Global Crypto Rules will be Formed on a New Synthesis Paper
Global crypto rules will be based on the upcoming FSB and IMF Synthesis Paper in G-20
The International Monetary Fund (IMF) and the Financial Stability Board (FSB) jointly produced a new synthesis paper on which future global crypto rules will be based, India announced Group of 20 (G-20) meetings in Bangalore. This year’s G-20 president is India.
The announcement came after three days of meetings among the world’s 20 largest economies, during which the creation of a global regulatory framework for cryptocurrency was a top priority.
The G-20 finance ministers and central bank governors’ meeting was expected to chart the course for globally coordinated crypto rules. According to Indian Finance Minister Nirmala Sitharaman during a press conference, the synthesis paper will be submitted during India’s
G-20 presidency, which culminates in September when India hosts G-20 leaders from around the world. When asked if the consensus on global crypto regulation that India prioritized for its G-20 presidency would take place during India’s term, Sitharaman responded, “First and foremost, we are going through the study process so that there can be informed discussions.”
Sitharaman went on to say that Canada’s central bank governor warned other members that crypto assets should not be given the “regulatory seal of approval” without a well-thought-out approach and implementation framework. “The World Bank stated that all developing countries’ perspectives should be included in any (crypto) policy framework,” Sitharaman added.
According to India Central Bank Governor Shaktikanta Das, there has been a significant shift in G-20 perception of crypto assets over the last year, during which several major crypto companies, including the FTX exchange, have failed.
According to Das, there is now widespread acceptance of the risks associated with crypto assets.
A singular event has allowed India to shape global policy for everything involving crypto – its presidency of the Group of 20 (G-20). Its term, which began in December, puts the country in charge of defining the future of money as the developed world looks to define it.

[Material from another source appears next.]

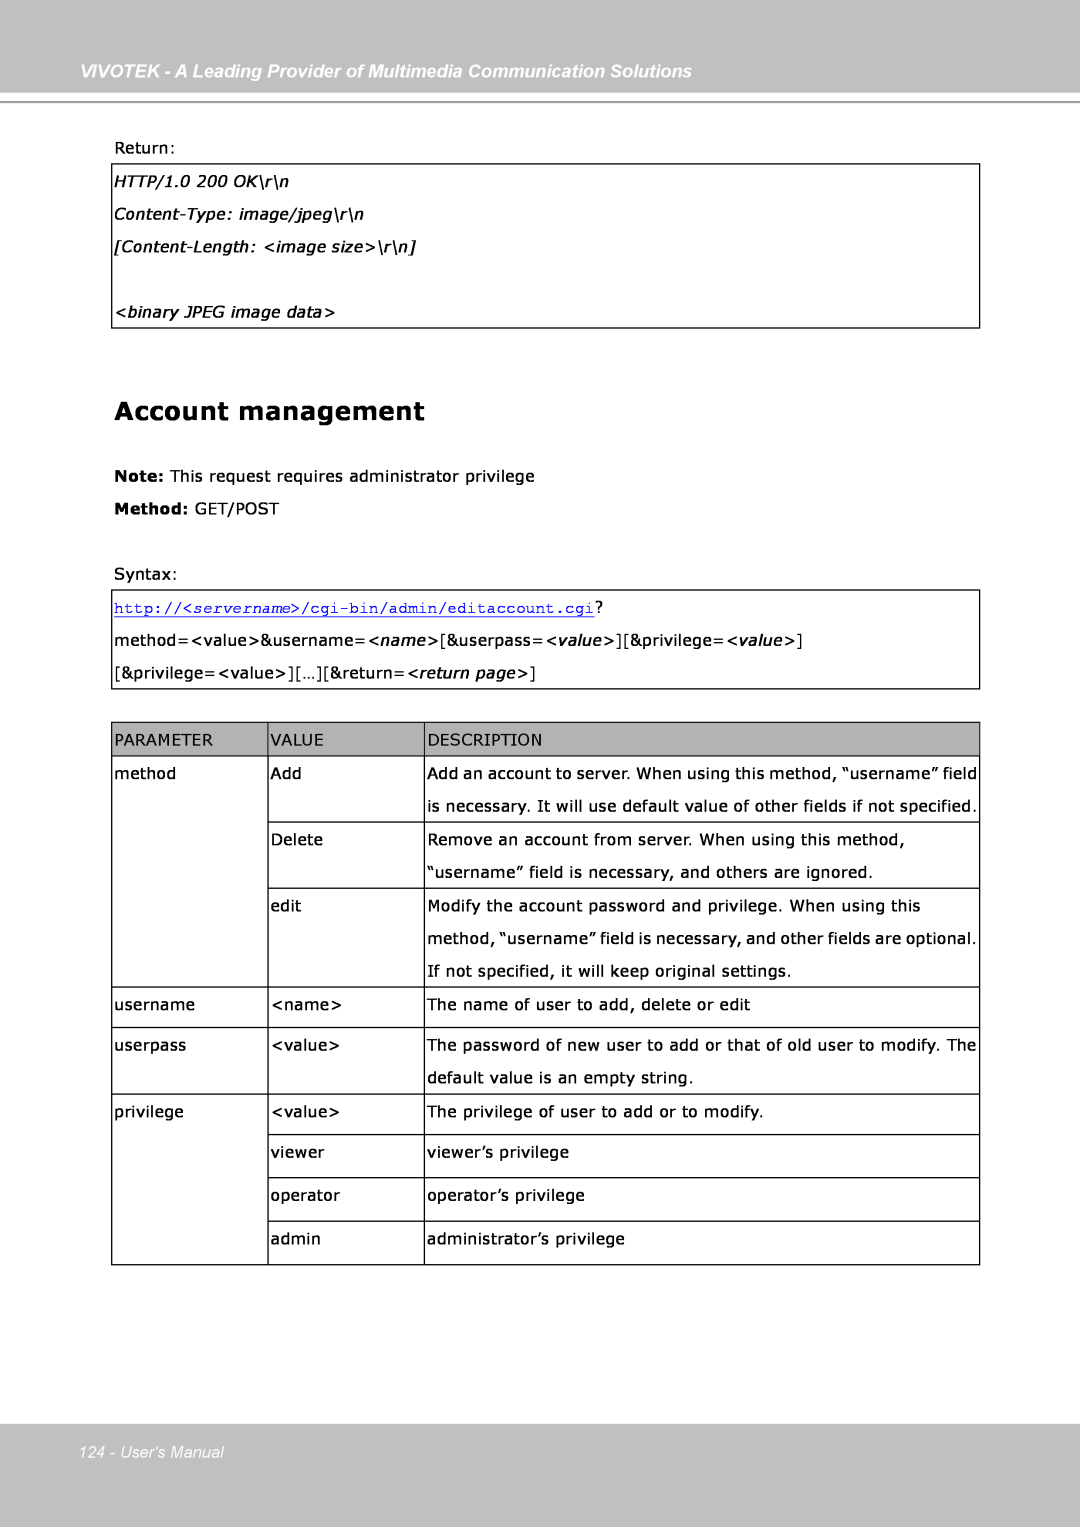 Vivotek FD7141(V) manual Account management, <binary JPEG image data>, Method: GET/POST, Users Manual

The election comes after India announced steep crypto taxes on February 1, 2022, which crypto companies operating in the country slammed. According to the Esya Centre, a New Delhi-based technology policy think tank, Indians moved more than US.
8 billion in trading volume from local to international crypto exchanges between February, when the taxes were announced, and October 2022, when the new taxes were implemented.
There is a lot that could happen in India regarding the crypto industry and how the country regulates it. What India does as the G-20 president may provide some hints.
India’s year-long G-20 presidency gives the country the authority to set the intergovernmental forum’s crypto agenda. India can now bring together various stakeholders, including the G-20 countries and the European Union, which together account for more than 85% of global GDP, as well as invited international institutions such as the United Nations, the International Monetary Fund (IMF), and the Financial Stability Board (FSB).